How do non-competitive inhibitors work?

Answer 25

• Don’t compete for active site.
• compete for allosteric site & distorts enzyme’s tertiary structure, changing the shape of the active site.
• Active site and substrate no longer complimentary = no ES complex = REDUCE rate.

Question 26

Non-competitive inhibitors never reach the enzyme’s Vmax. Instead, a new Vmax is formed. Explain why.

Answer 26

• Not competing for active site
• Even with substrates in excess and active sites filled, the non comp binds to the allosteric site, preventing product formation nonetheless.

Question 27

Give an example of a non-competitive inhibitor.

Answer 27

proton pump inhibitors:
- Block enzyme that secretes H+ into stomach = reduced production of excess acid.

Penicillin:
- Bind to bacterial enzyme that forms cross-
links in cell wall.
- Cause holes in cell wall = shed most of cell wall

Question 28

What are the dangers of irreversible non-competitive inhibitors?

Answer 28

• can’t be removed from the enzyme they’re attached to = often very toxic.
• Form covalent bonds w/ enzymes & permanently inhibit
• Dangerous: Can stop biological processes catalysed by enzymes.

Question 29

Give an example of an irreversible non-competitive inhibitor.

Answer 29

Insecticides:
- inhibit acetyl cholinesterase (enzyme for nerve impulse transmission). Leads to muscle cramps, paralysis, death.

Question 30

What is end-product inhibition?

Answer 30

• When the end product of a reaction acts as an inhibitor for the enzyme that produced it.
• Negative feedback, no excess or waste products

Question 31

ATP is an example of end product inhibition.
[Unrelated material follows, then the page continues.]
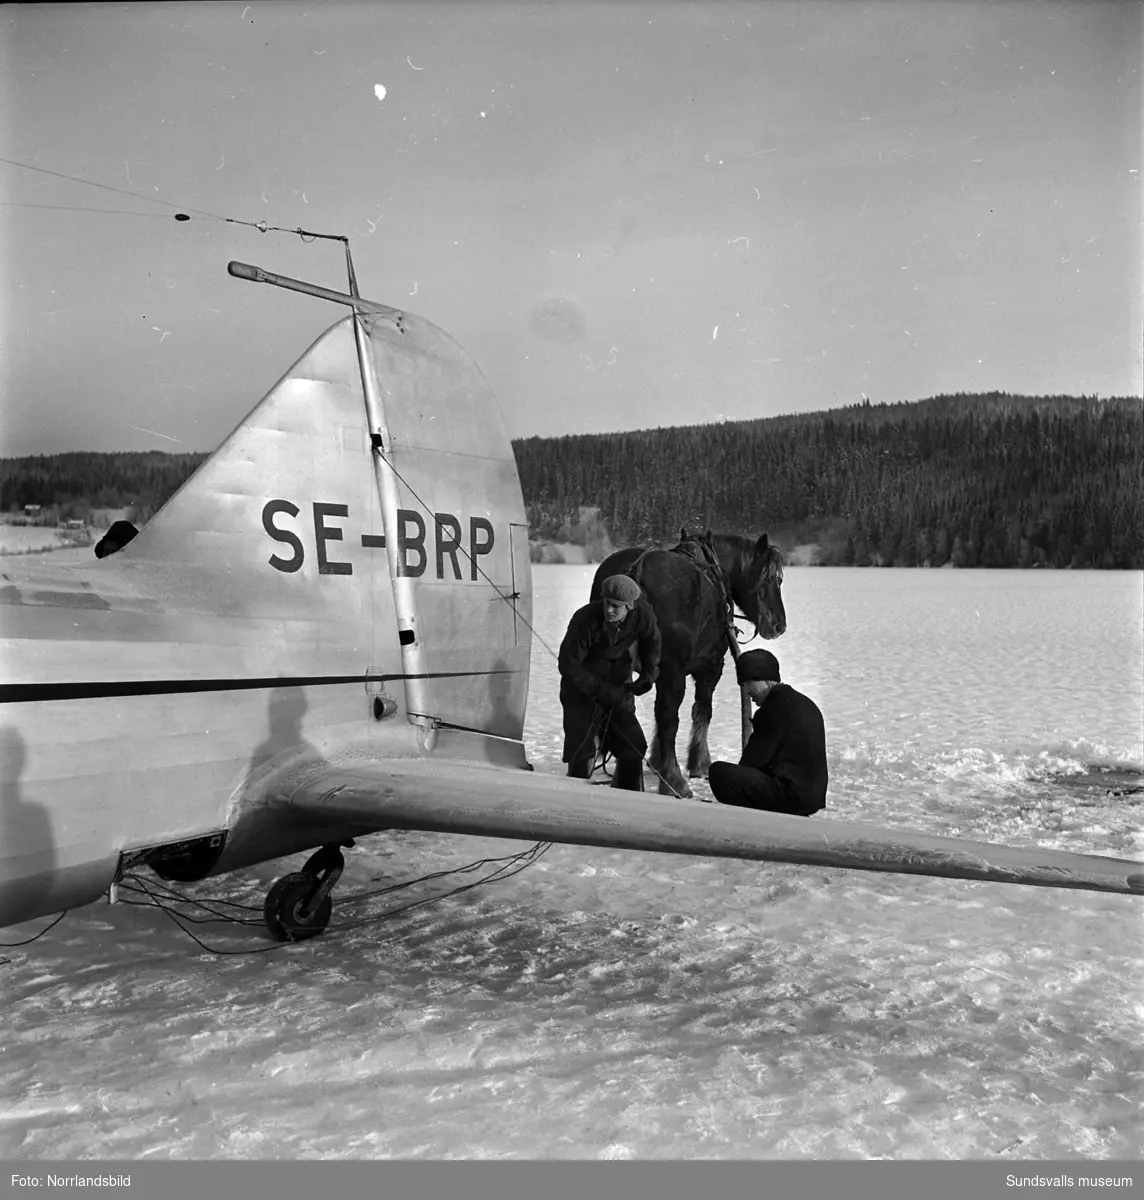 En måndagseftermiddag i början av december 1950 gjorde kapten Torwald Andersson en perfekt landning på Långsjöns is i Tuna med en last av färska kvällstidningar. Direkt efter landningen brast isen och det lilla planet blev liggande med vatten upp till propellrarna. Bärgningsarbetet blev besvärligt, ett par dagar efter incidenten lyckades man till slut få upp planet ur vattnet med hjälp av såväl modern teknik, i form av amerikanska luftkuddar som blåstes upp under vingarna, som gammeldags äkta hästkrafter. Det kvaddade planet fick sedan stå kvar på isen i väntan på att underlaget skulle bli så bärkraftigt att man kunde dra planet in till land för nedmontering och vidare transport till en verkstad.

Explain what and how it inhibits.

Answer 31

ATP regulates it’s own production.
- enzyme PFK (phosphofructokinase) adds the second phosphate group to glucose in respiration which initiates its breakdown.
- ATP inhibits PFK
- High ATP: ATP binds to allosteric site on PFK, preventing addition of a 2nd phosphate to glucose, therefore glucose isn’t broken down & ATP produced less
-Low ATP: less binds to PFK, so it adds 2nd phosphate to glucose, respiration resumes, and more ATP produced.

Question 32

What are cofactors?

Answer 32

• INORGANIC IONS e.g. (Cl-, Fe2+)
• temporary
• help stabilise enzyme structure (bind to ENZYME OR SUBSTRATE) and affects charge distribution.
• ES more easily formed.

Question 33

Why are cofactors, coenzymes and prosthetic groups so important?

Answer 33

• some enzymes only function if a non-protein substance is present.
• Changes tertiary structure for active site to bind with substrate

Question 34

Give an example of a cofactor.

Answer 34

• Cl- is the cofactor the amylase
• Cl- needed to digest starch into maltose.

Question 35

What is a coenzyme? (4)

Answer 35

• Binds loosely to ACTIVE SITE, before or same time as substrate.
• ORGANIC (many derived from vitamins)
• temporary
• carry chemical groups between enzymes
• Link enzyme-catalysed reactions into a sequence during metabolic processes e.g. photosynthesis.
• Coenzymes themselves take part in reaction and are changed in some way
• recycled and reused

Question 36

Give an example of a coenzyme.

Answer 36

NAD:
- Transfers H+ between molecules in respiration
- obtained from vitamin B3

Coenzyme A (CoA):
- Breakdown of fatty acids & carbohydrates in respiration
- obtained from vitamin B5

ATP:
- transfers phosphate groups between respiration & energy-consuming cell processes.

Question 37

What are the main differences between a coenzyme and a cofactor?

Answer 37

cofactor:
- inorganic
- binds to enzyme or substrate to affect charge distribution

coenzyme:
- organic
- binds to the active site itself and takes part in the reaction

Question 38

What are prosthetic groups?

Answer 38

• TIGHTLY bound to enzyme
  -PERMANENT
• Help form final tertiary structure of enzyme to function properly

Question 39

Give an example of a prosthetic group.

Answer 39

Haemoglobin:
- prosthetic group has Fe2+
- Transports O2 ( allows binding and releasing of O2 to and from cells)

Carbonic anhydrase:
- Prosthetic group has Zn2+
- allows enzyme CO2 + H20 to produce carbonic acid in RBCs.

Question 40

What is precursor enzyme?

Answer 40

• Inactive
• Controlled & activated in certain conditions otherwise would damage tissues when released.
• Add cofactor to undergo shape change (tertiary/active site) & to be activated.

Question 41

What are zymogens/proenzymes?

Answer 41

Precursor enzymes which require another enzyme to change their tertiary structure and be activated.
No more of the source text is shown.